Merge Two Sorted Lists

1. Problem Summary

You are given the heads of two singly linked lists, list1 and list2.

Both linked lists are:

sorted in non-decreasing order
may be of different lengths
may contain duplicates

Your task is to merge the two lists into a single sorted linked list and return the head of the merged list.

Important details:

The merged result must reuse the existing nodes
You should not create new list nodes for values
The final list must maintain sorted order

Example interpretation:
If the lists are:

list1: 1 → 2 → 4
list2: 1 → 3 → 4

Merged result becomes:

1 → 1 → 2 → 3 → 4 → 4

2. Key Insights

Comparison drives merging

At each step, compare the current nodes of both lists and append the smaller one.

A dummy head simplifies pointer management

Creating a fake starting node avoids edge-case handling for first insertion.

No need to traverse both lists fully

Once one list is exhausted, the remainder of the other list can be appended directly.

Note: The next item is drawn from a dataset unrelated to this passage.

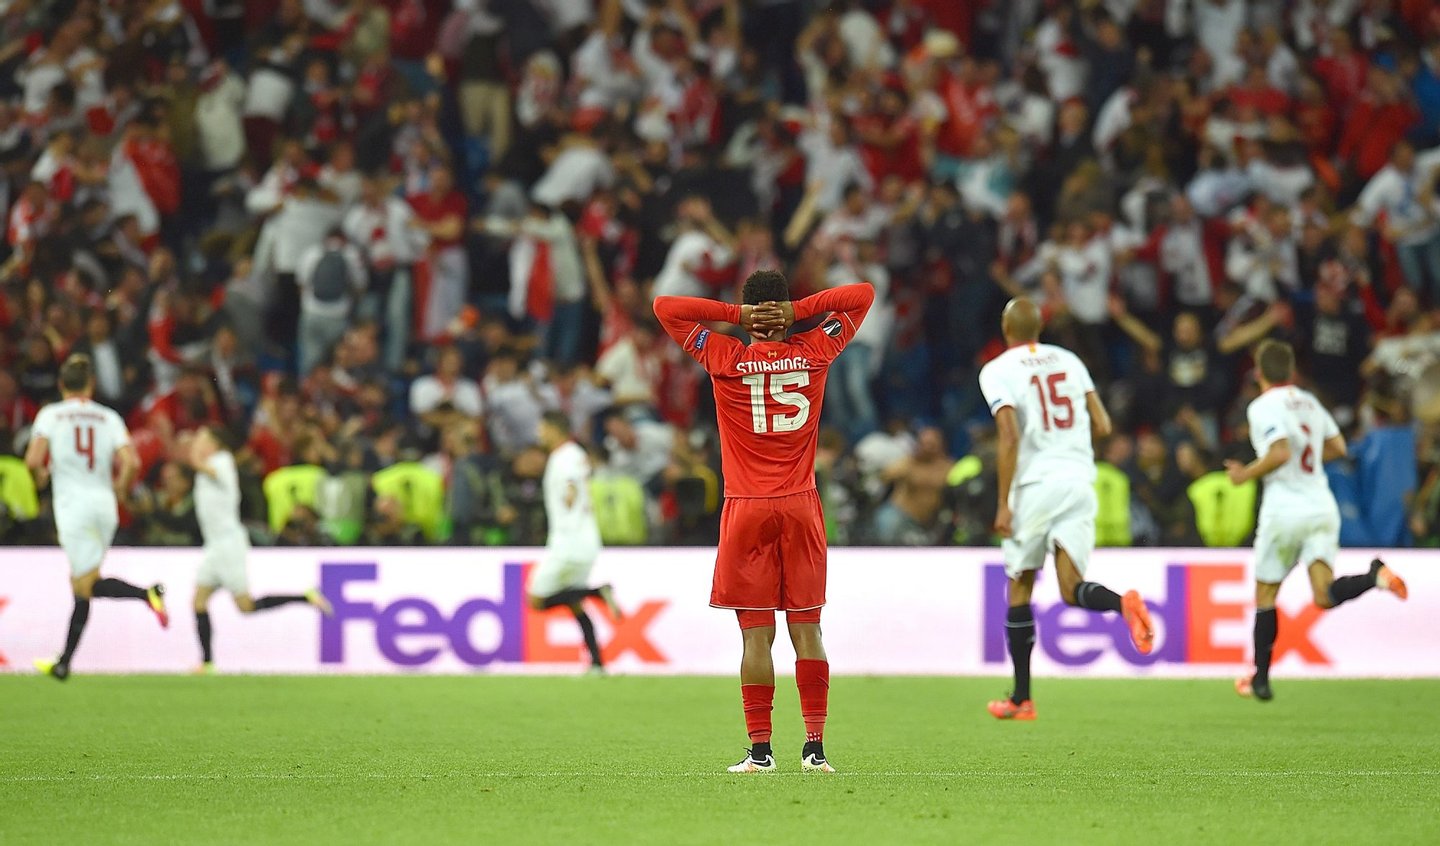 BASEL, SWITZERLAND - MAY 18: (THE SUN OUT, THE SUN ON SUNDAY OUT) Daniel Sturridge of Liverpool dejected during the UEFA Europa League Final match between Liverpool and Sevilla at St. Jakob-Park on May 18, 2016 in Basel, Switzerland. (Photo by Andrew Powell/Liverpool FC via Getty Images)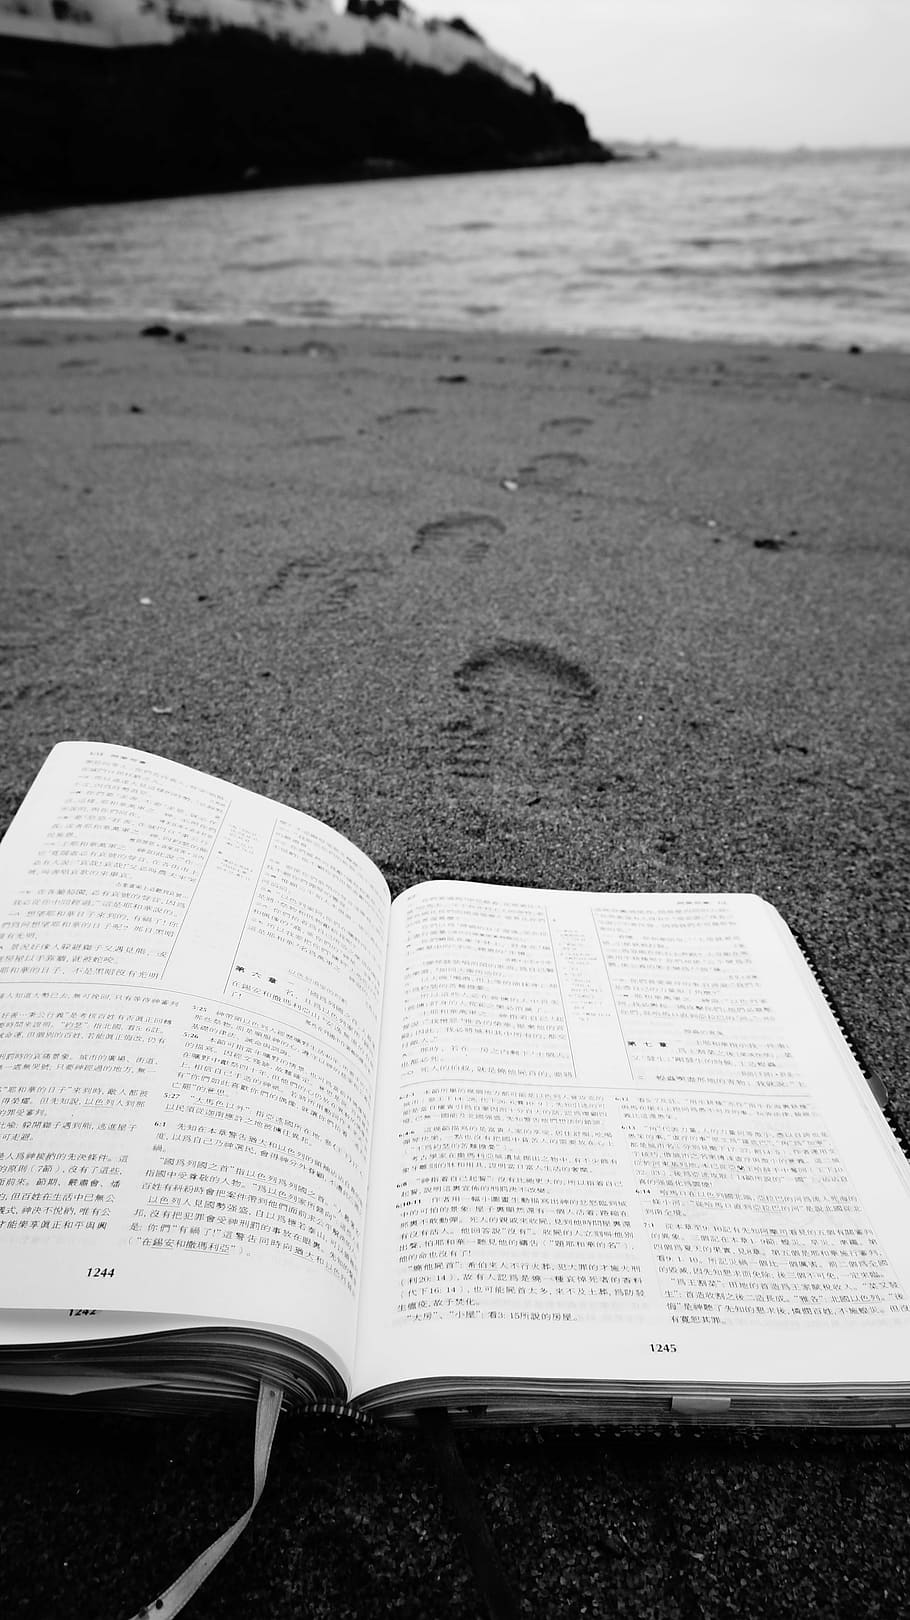 sand, beach, outdoors, footprints, sea, bible, peaceful, relaxation, black and white, christian

Sorted order preserved naturally

Because input lists are sorted, merging by comparison guarantees sorted output.

3. Approach

Iterative merge using pointer navigation

Steps:

Create a dummy node to act as starting reference.
Maintain a current pointer to build the merged list.
While both lists have nodes:
- compare list1.val and list2.val
- attach the smaller node to current.next
- advance the pointer on the chosen list
- advance current
After loop ends:
- append remaining nodes from the non-exhausted list
Return dummy.next as merged head.

This produces an ordered list in-place.

4. Time and Space Complexity

Time Complexity: O(N + M)

Where:

N = length of list1
M = length of list2

All nodes are visited once.

Space Complexity: O(1)

No new nodes created, only pointer manipulations.

5. Java Solution

/**
 * Definition for singly-linked list.
 * public class ListNode {
 *     int val;
 *     ListNode next;
 *     ListNode(int x) { val = x; }
 * }
 */

class Solution {
    public ListNode mergeTwoLists(ListNode list1, ListNode list2) {
        ListNode dummy = new ListNode(0);
        ListNode current = dummy;

        while (list1 != null && list2 != null) {
            if (list1.val <= list2.val) {
                current.next = list1;
                list1 = list1.next;
            } else {
                current.next = list2;
                list2 = list2.next;
            }
            current = current.next;
        }

        if (list1 != null) {
            current.next = list1;
        } else {
            current.next = list2;
        }

        return dummy.next;
    }
}

6. Dry Run Examples

Example 1

Input:

list1 = 1 → 2 → 4
list2 = 1 → 3 → 4

Process sequence:
1 ≤ 1 → attach list1 node
current = 1
then attach 1 from list2
then 2
then 3
then 4
then remaining 4

Output:

1 → 1 → 2 → 3 → 4 → 4

Example 2

Input:

list1 = []
list2 = 0 → 2 → 5

list1 empty → append list2 entirely

Output:

0 → 2 → 5

Example 3

Input:

list1 = 1 → 1 → 1
list2 = 1 → 1

Repeated values allowed
Ordering consistent

Output:

1 → 1 → 1 → 1 → 1

Example 4

Input:

list1 = 5 → 7 → 9
list2 = 1 → 2 → 3

All list2 values smaller until exhausted

Output:

1 → 2 → 3 → 5 → 7 → 9

Example 5

Input:

list1 = 2
list2 = 2

Comparison allows equal values to attach in order

Output:

2 → 2

7. Why This Solution Works

Uses sorted nature of lists to merge efficiently
Avoids extra memory allocation
Dummy node simplifies linking logic
Guarantees sorted output without rearranging values
Handles empty list cases seamlessly

8. Common Mistakes

Creating new nodes unnecessarily instead of reusing existing ones
Forgetting to link remaining nodes after loop
Mishandling equal values (they must be allowed)
Attempting recursive merge without considering stack depth
Modifying input pointers incorrectly leading to cycles